● EXERCISE DETAILS
The range runs from the line containing "Methodist Hymn: Master, Speak!" through the last line of the material below; retype it exactly, leaving out the pictures.

--- AVAILABLE DATA Enclosed Below ---

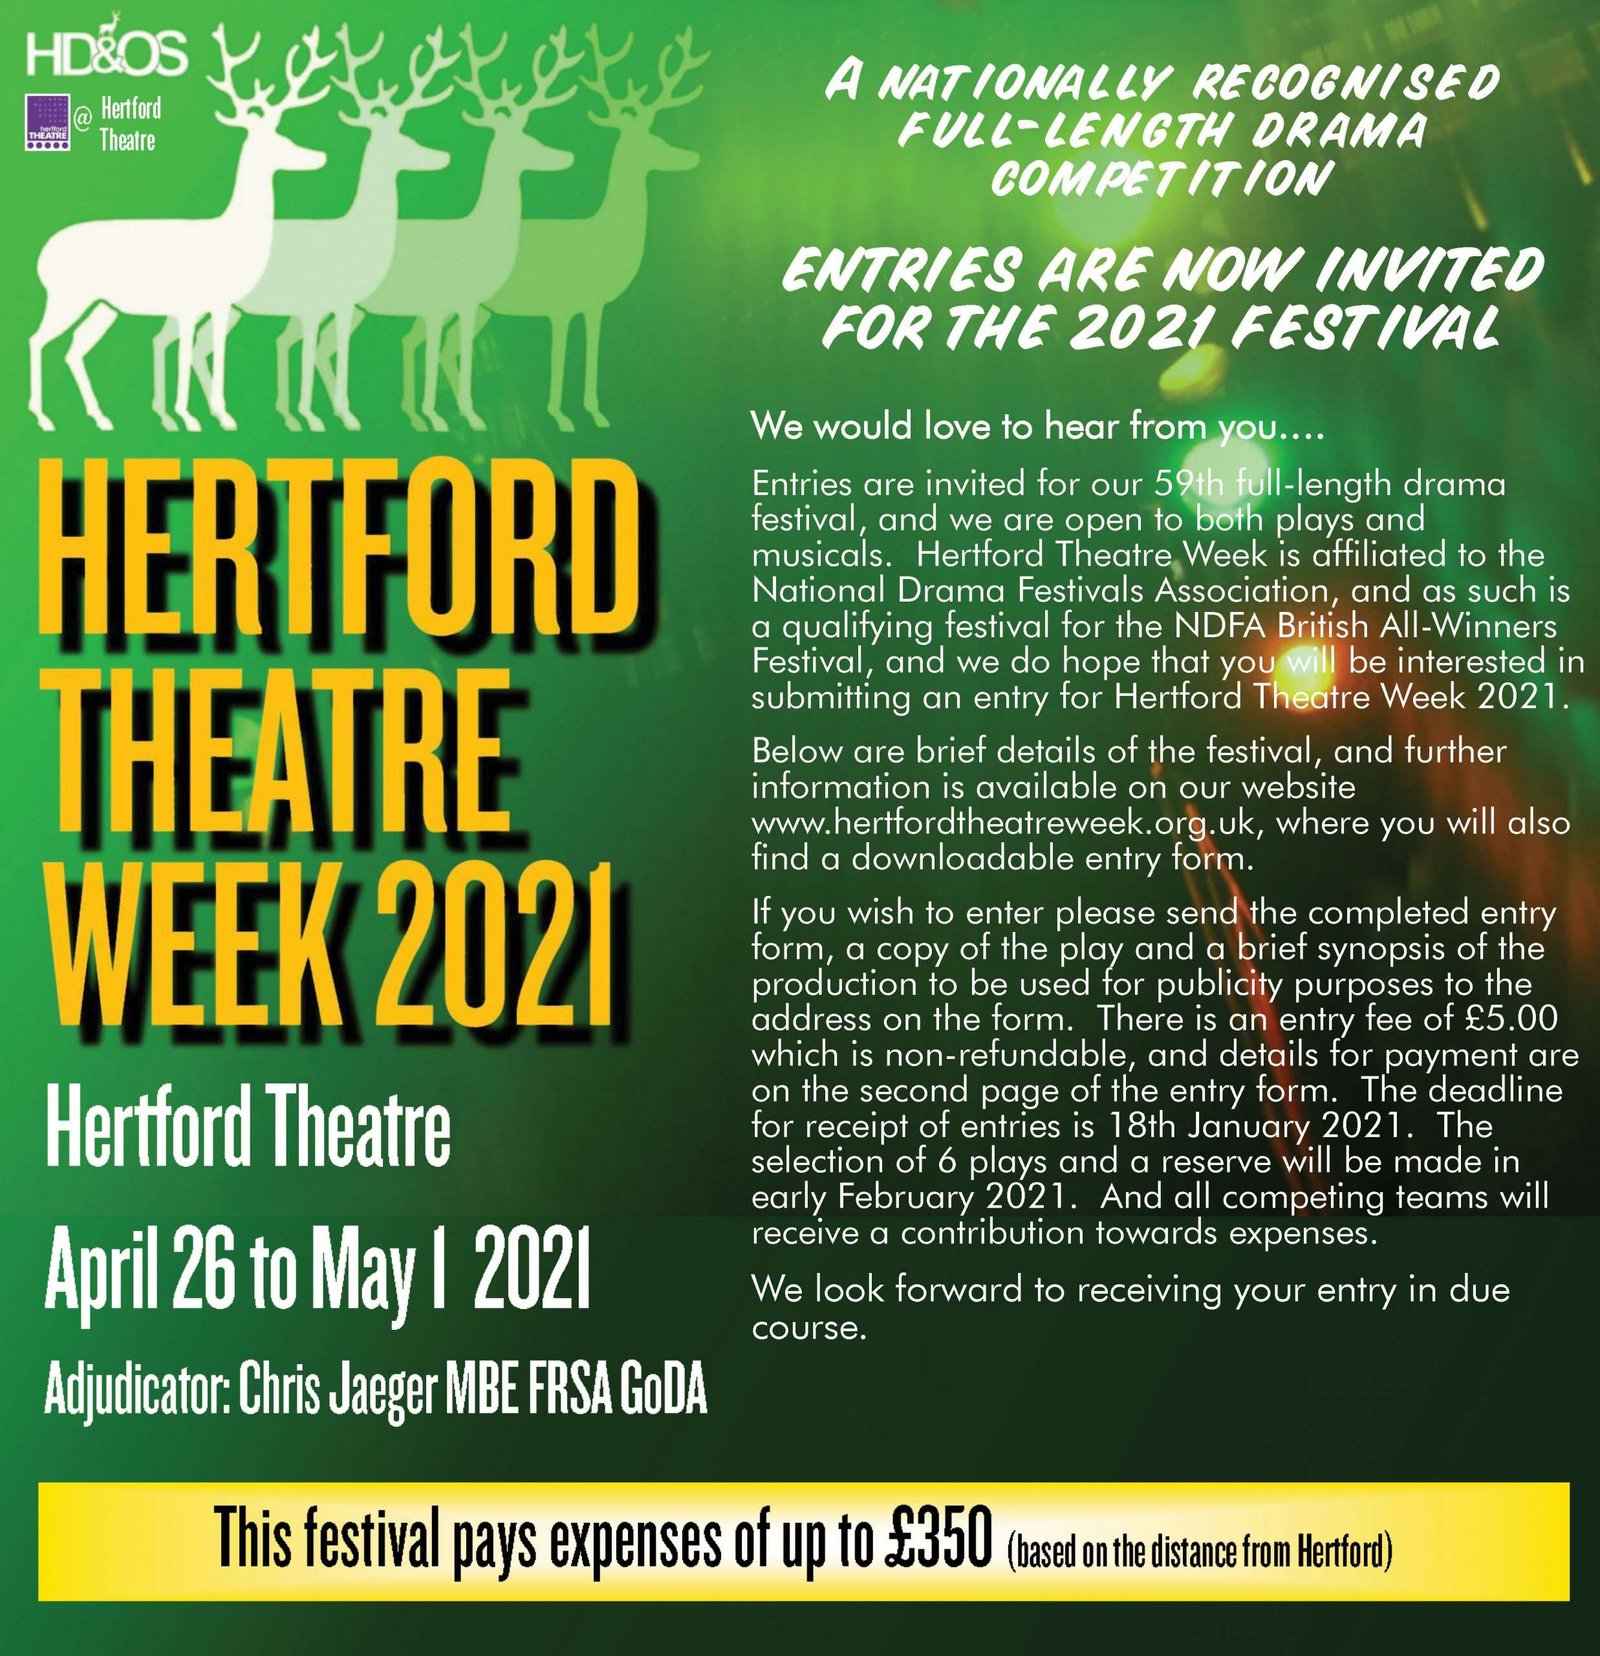 YOUR NEWS – Hertford Theatre Week 2021
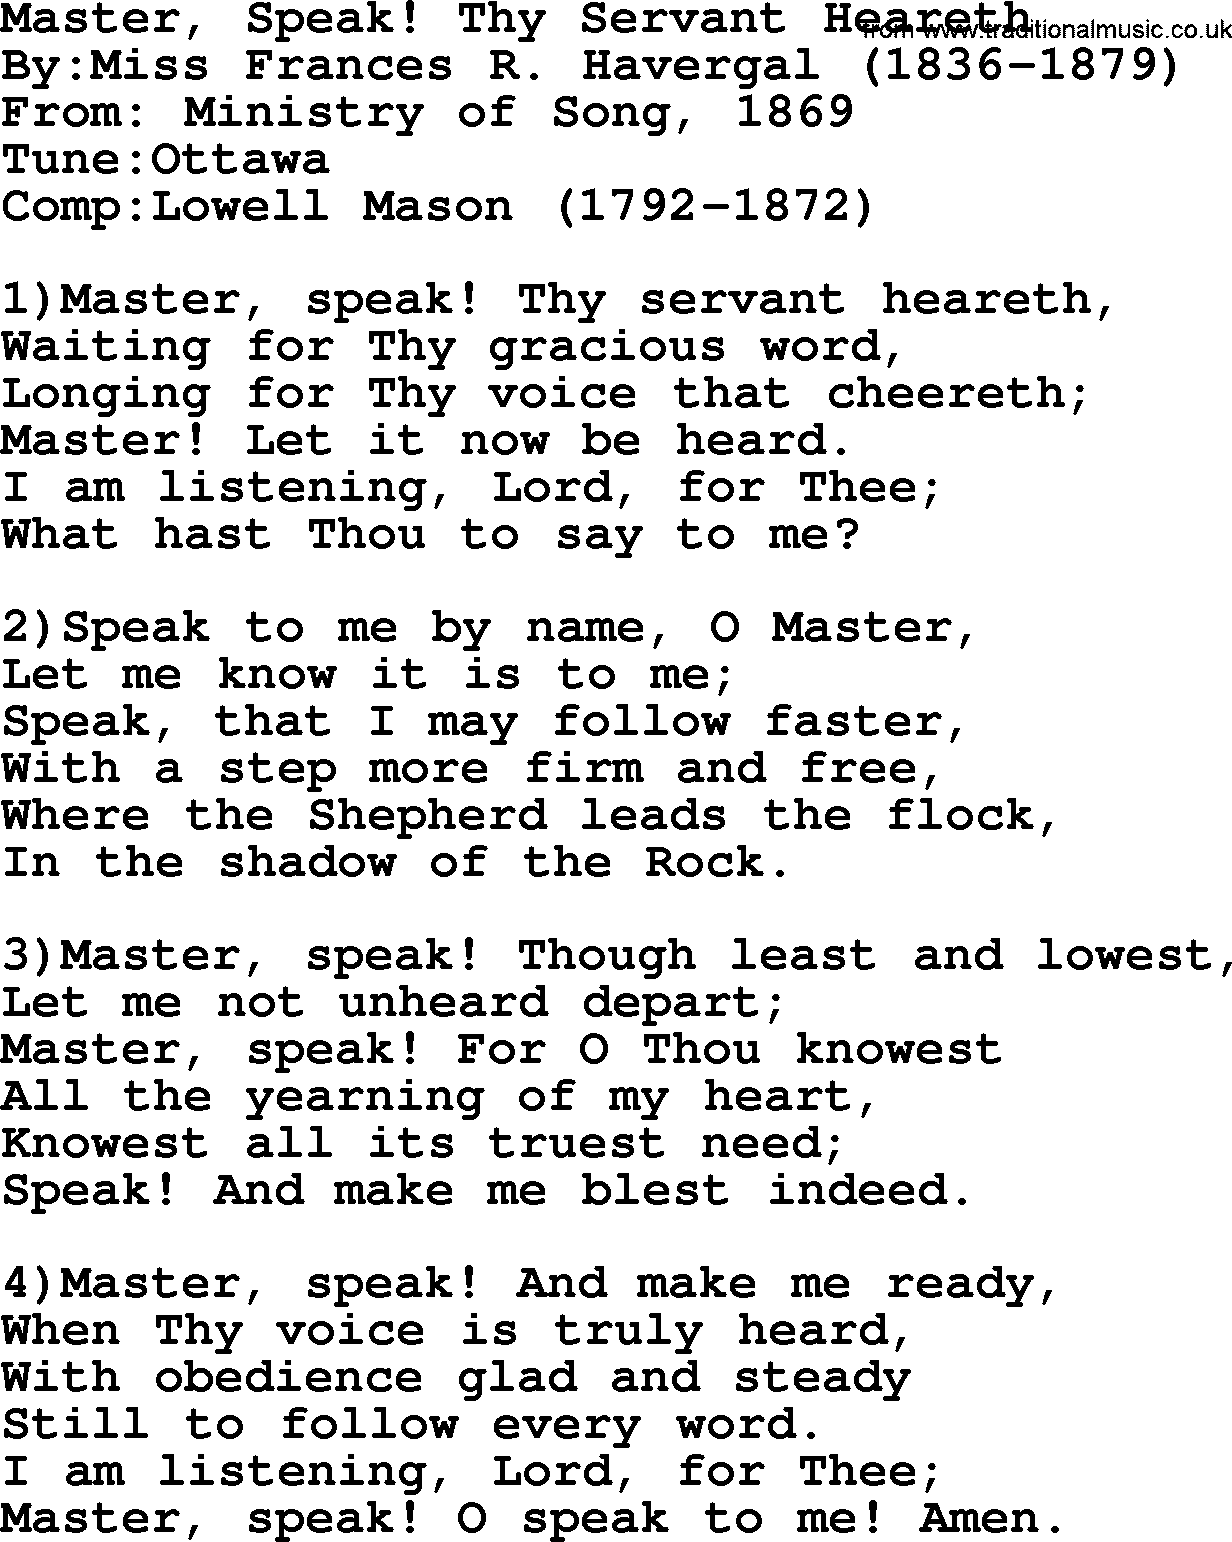 Methodist Hymn: Master, Speak! Thy Servant Heareth, lyrics
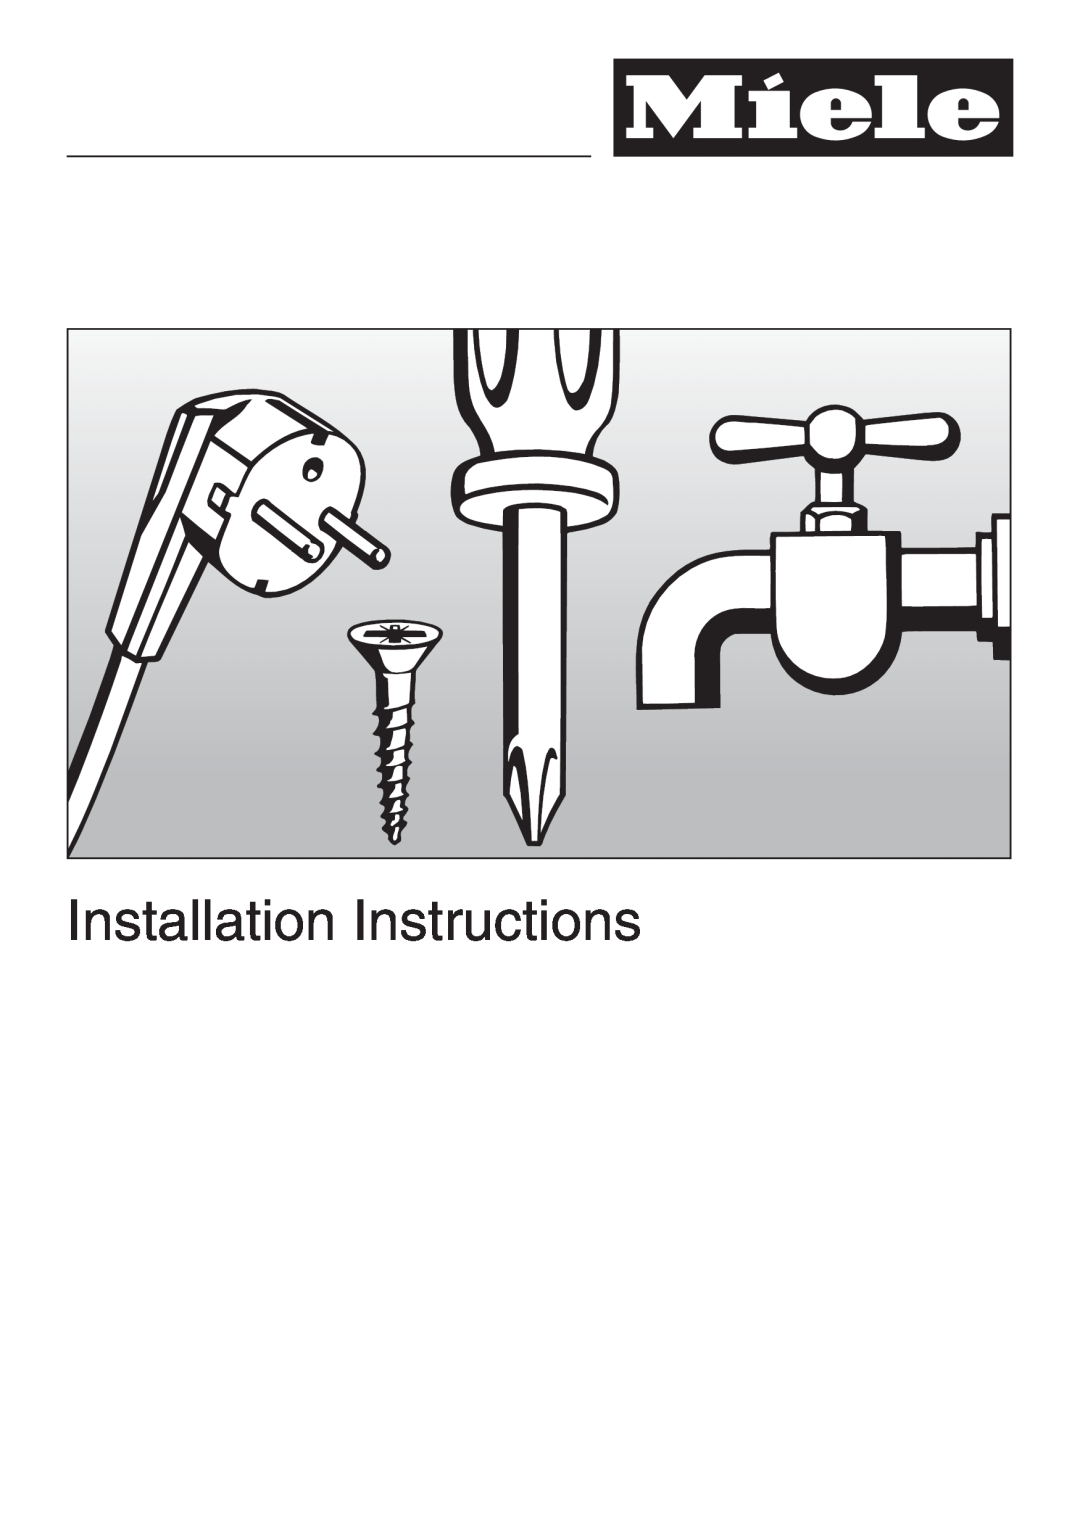 Miele DA409, DA408 installation instructions Installation Instructions

--- End of Enclosed AVAILABLE DATA ---

● TASK RESPONSE
 Methodist Hymn: Master, Speak! Thy Servant Heareth, lyrics
 Miele DA409, DA408 installation instructions Installation Instructions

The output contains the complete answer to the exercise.